Do you want glowing skin, hair and nails?  

Do you want to boost your energy and mood in the morning naturally?

Greens are the most nutrient dense foods on the planet. They help to maintain our internal rainforest and cleanse our bodies and cells on the highest level. I drink a green smoothie every morning to look and feel my best.  It helps kick off my day with an nutrient-rich energy boost, and helps detox my body before I eat anything else.  In fact, days that I skip when I'm traveling or staying at a friends house, my body and cells are aching for this smoothie.  A green smoothie in the morning really does make all the difference in our physical and mental health. Benefits include clearer skin, brighter eyes, reduced body fat, higher energy levels, and a boosted mood.  Very excited to share with you!

 

INGREDIENTS

1.     6 cups of chopped spinach (1 medium bunch)

2.     2 cups of chopped kale (traditional or Tuscan - about 1 small bunch)

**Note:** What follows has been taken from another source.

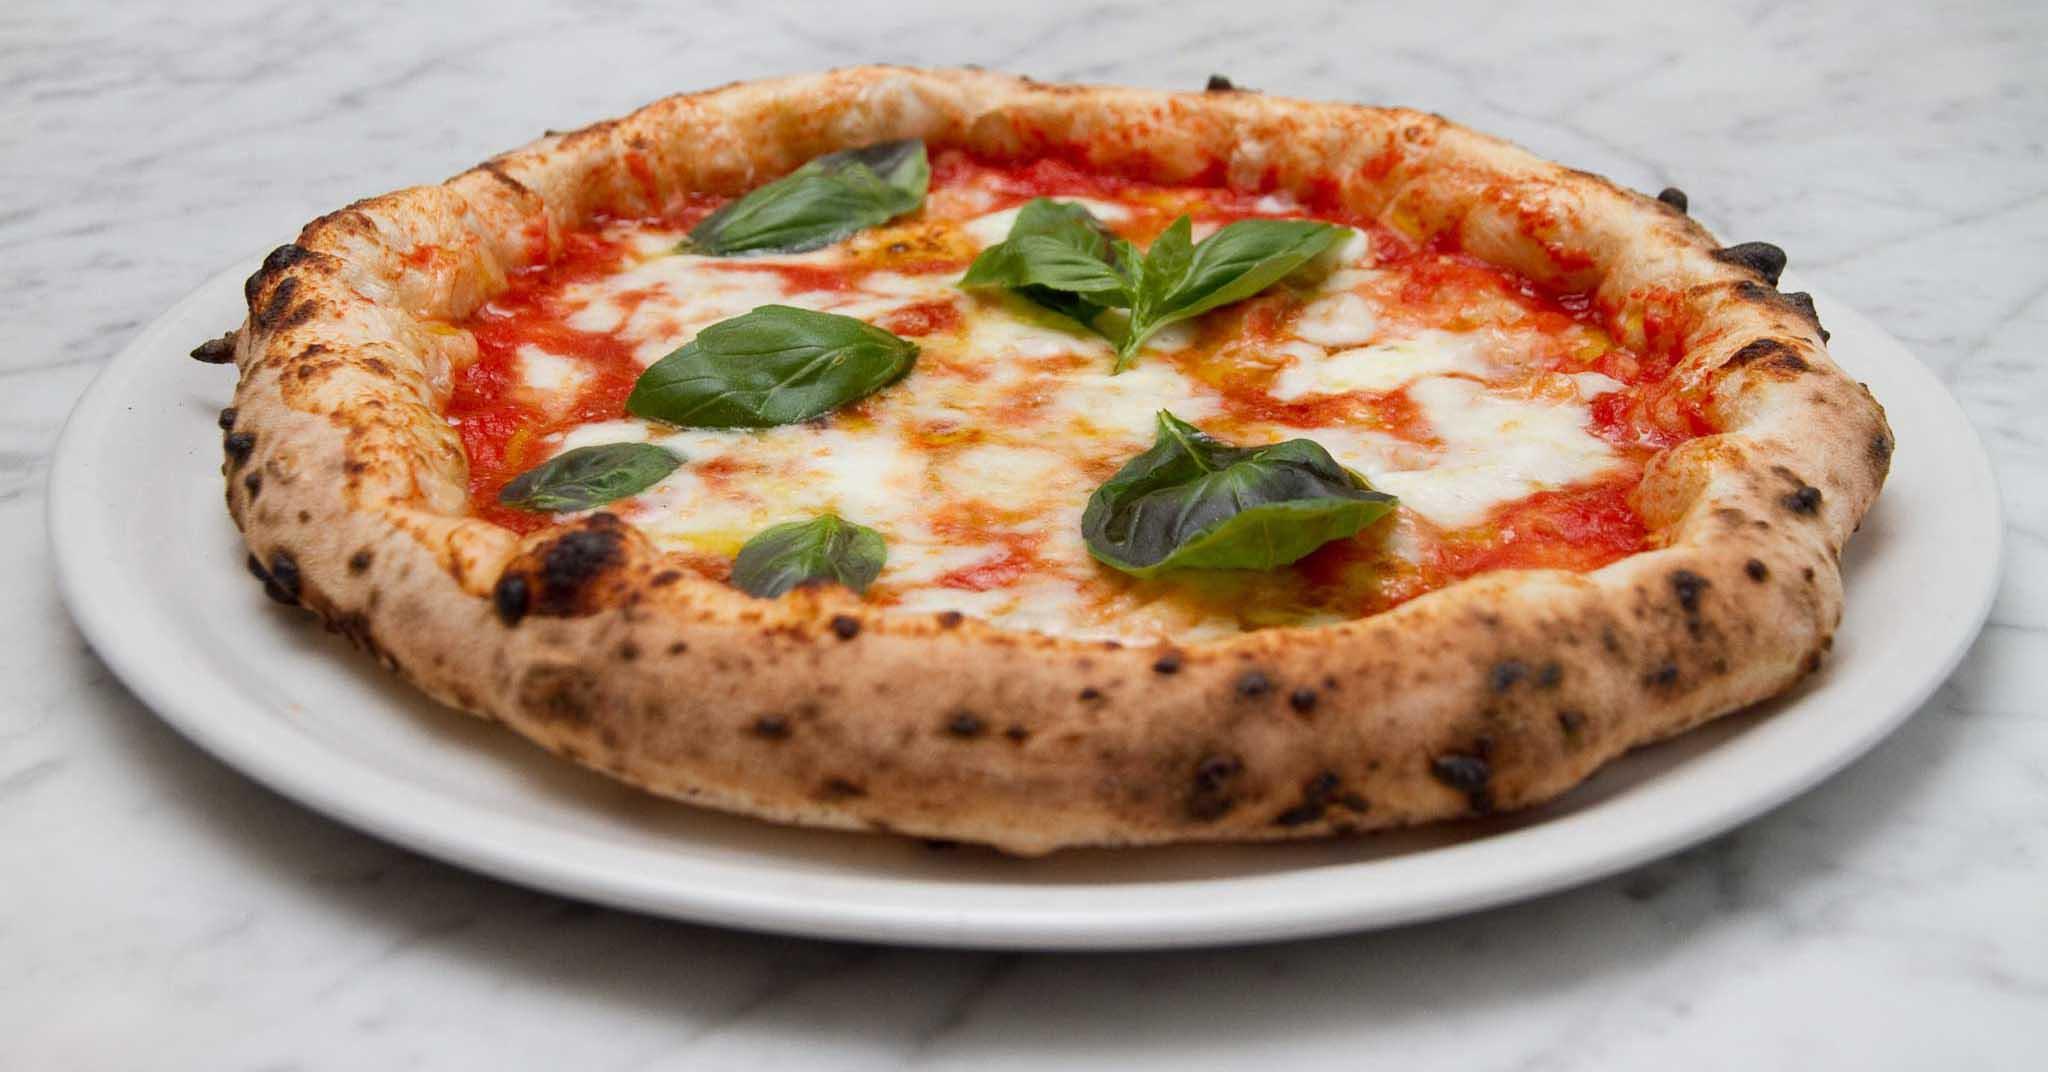 mangiare la pizza a Napoli - neomag.
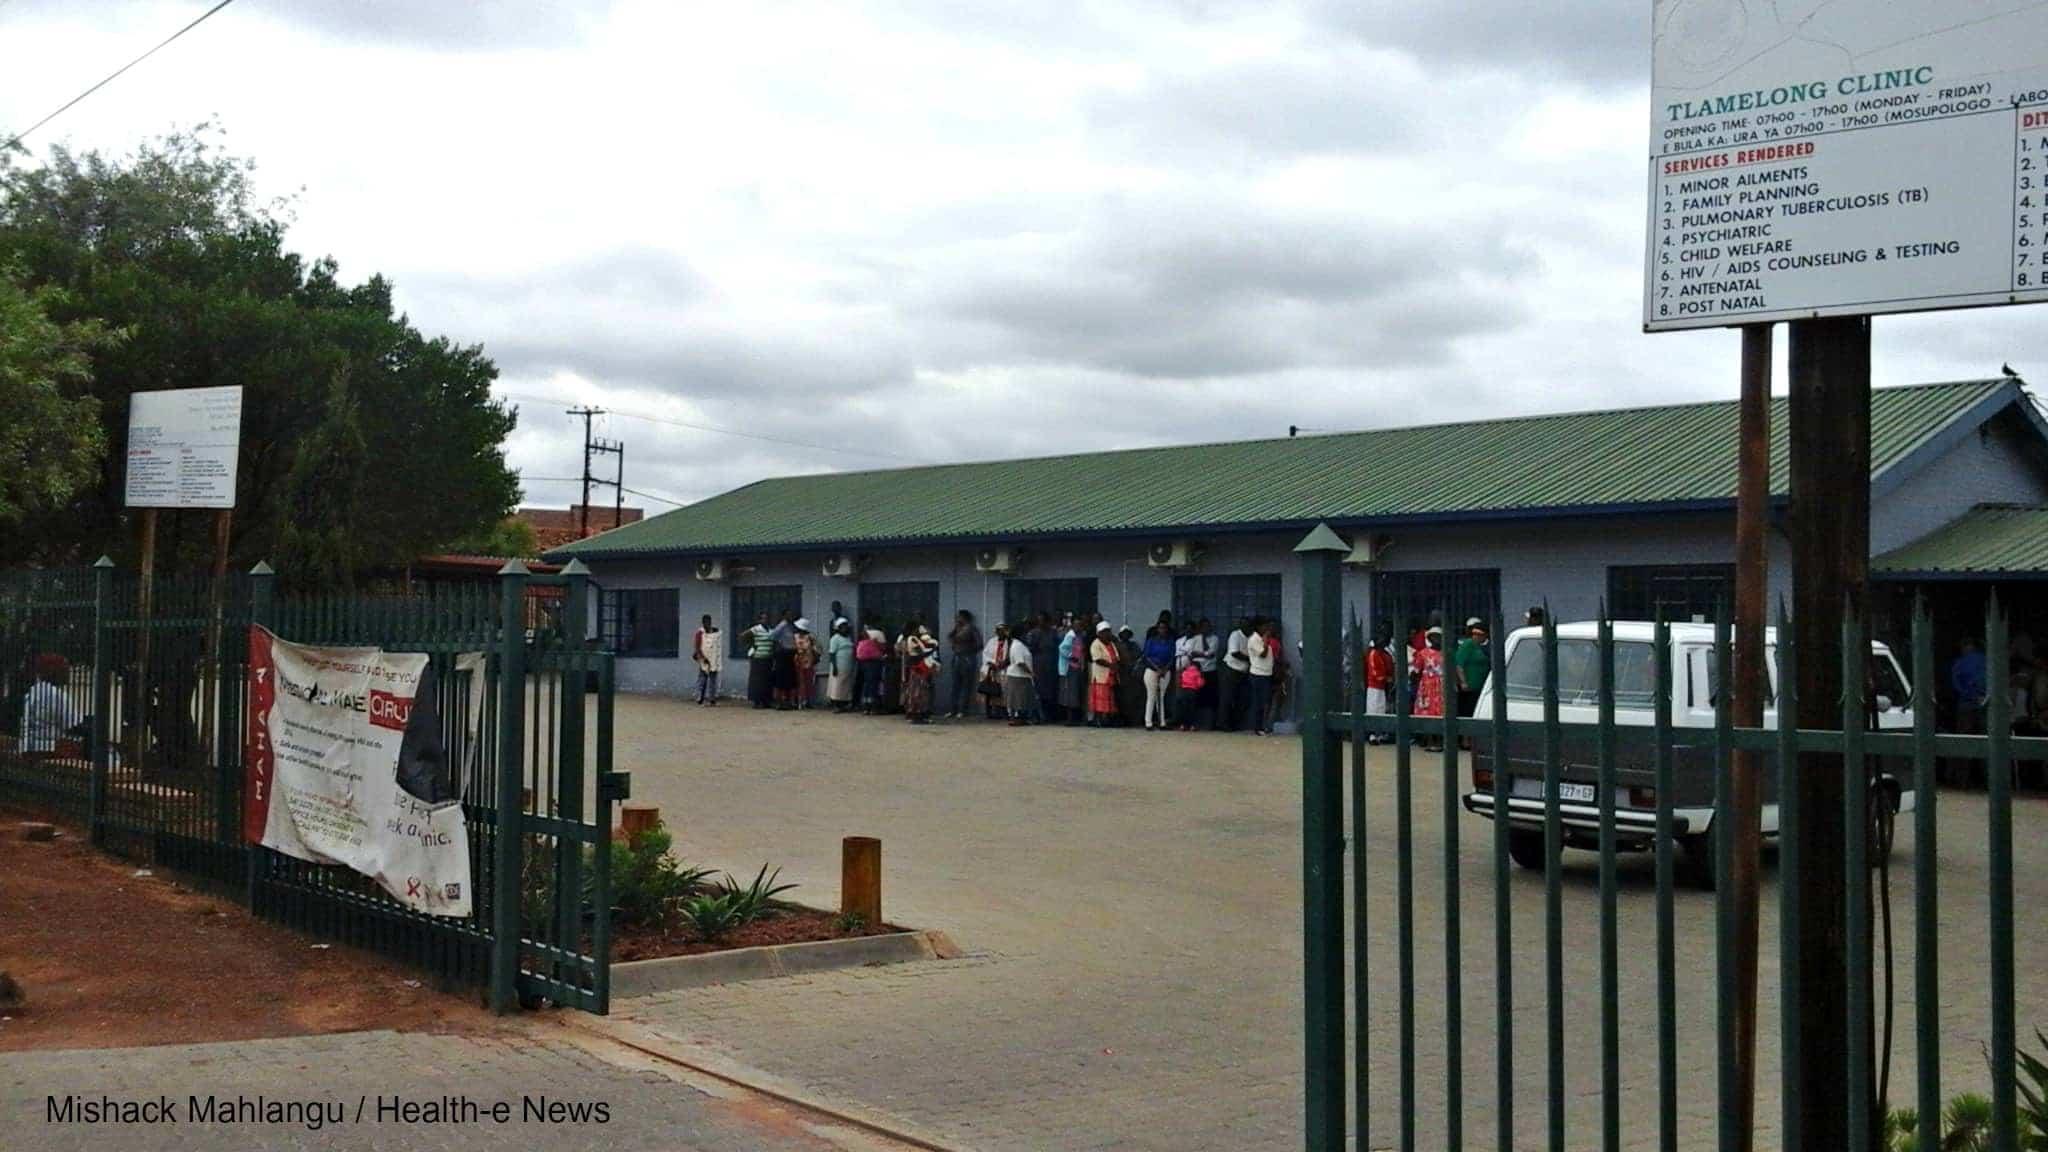 Patients wait outside Tlamelong Clinic

3.     1/3 fresh bunch of parsley

4.     1 stalk of celery roughly chopped

5.     1 medium apple cored and coarsely chopped

6.     ½ cup blueberries

7.     ½ cup of strawberries or raspberries

8.     1 banana

9.     ½ lemon freshly squeezed

10.   2 cups filtered water

DIRECTIONS

Wash all ingredients first in cool water, removing any dirt or pesticides (if not organic). Then, add all ingredients to blender pulse until smooth.  You can use either Vitamix which fits all ingredients in one batch, or try halving/thirding the recipe to fit in Nutribullets or smaller single serving blenders. The nutritional density diminishes as time goes on, so I try to drink right away or same day.